Since the FamilyCare coverage had ended, the petitioner was required to go to the Aging and Disability Resource Center (ADRC) in order to be re-enrolled into a FamilyCare Managed Care Organization. This occurred on September 20, 2024. The FamilyCare benefit cannot start until a person is enrolled in a Managed Care Organization. I understand that there was confusion as to what needed to occur after being informed that he was again financially eligible for Medicaid. However, it is correct that the Income Maintenance Consortium cannot enroll a person into FamilyCare or IRIS, and that can only be done through the ADRC.
While I understand the petitioner may find this decision unfair, I do not have equitable powers and cannot deviate from what law and policy dictate. “An agency or board created by the legislature has only those powers which are expressly or impliedly conferred on it by statute. Such statutes are generally strictly construed to preclude the exercise of power which is not expressly granted. [citation omitted]” Browne v. Milwaukee Board of School Directors, 83 Wis. 2d 316, 333, 265 N.W.2d 559 (1978). Thus, I cannot make a determination on the basis of fairness or need.
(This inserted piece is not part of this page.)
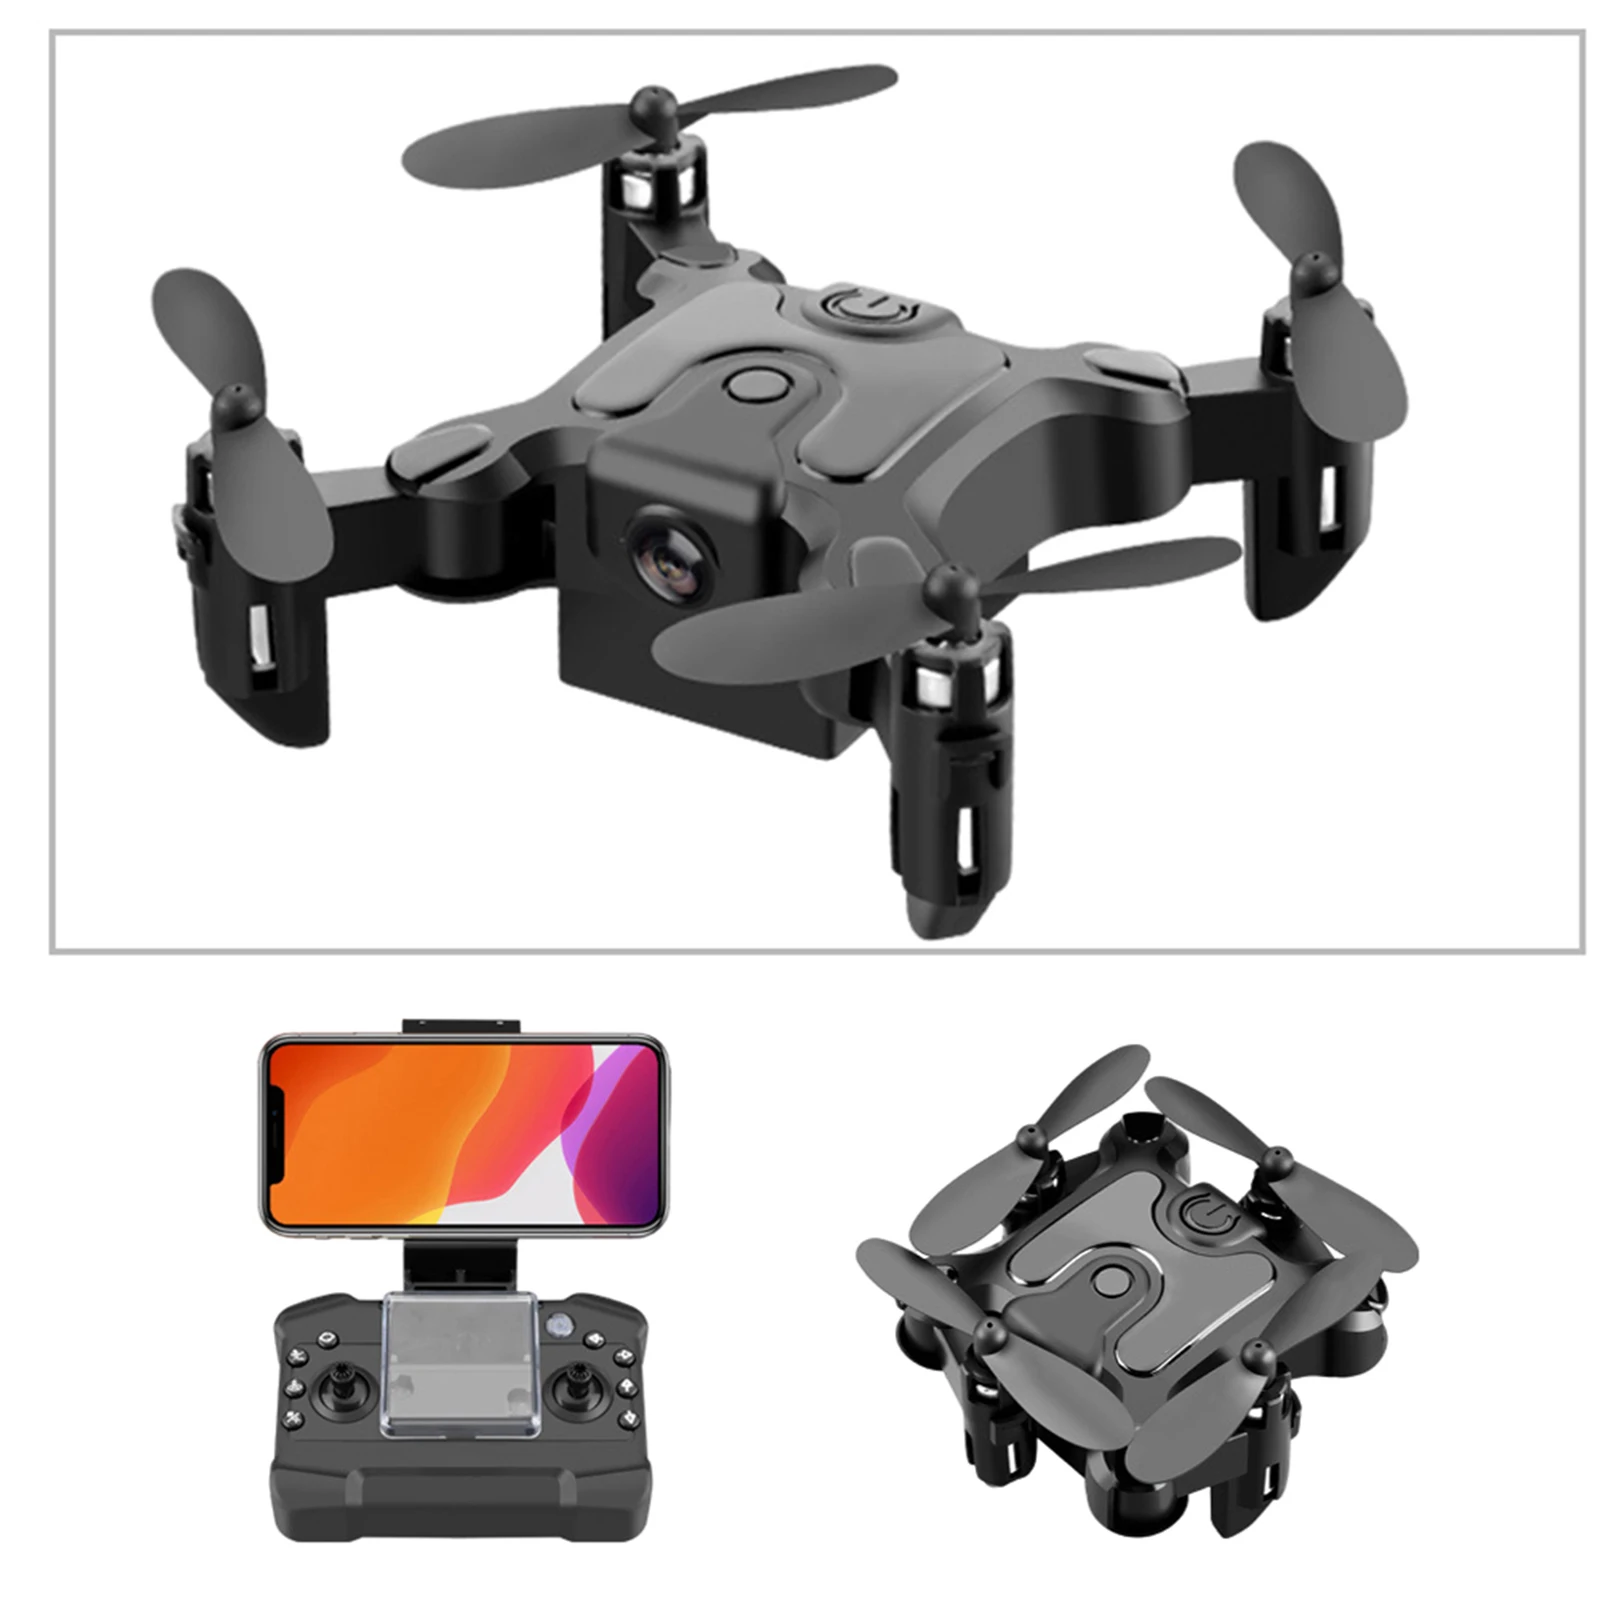 6-Axis 4CH RC Drone 2.4G Live Video Altitude Hold Radio Control Quadcopter

The petitioner may consider working with his FamilyCare Managed Care Organization to request an offset of his monthly cost share to repay the outstanding medical expenses related to the lapse in coverage.
Conclusions of Law
- The agency correctly denied the petitioner’s Medicaid and FamilyCare eligibility as of August 1, 2024, due to being over the asset limit for Medicaid.
- FamilyCare coverage cannot be backdated to August 1, 2024.
THEREFORE, it is
Ordered
That the petitioner’s appeal is dismissed.
[Request for a rehearing and appeal to court instructions omitted.]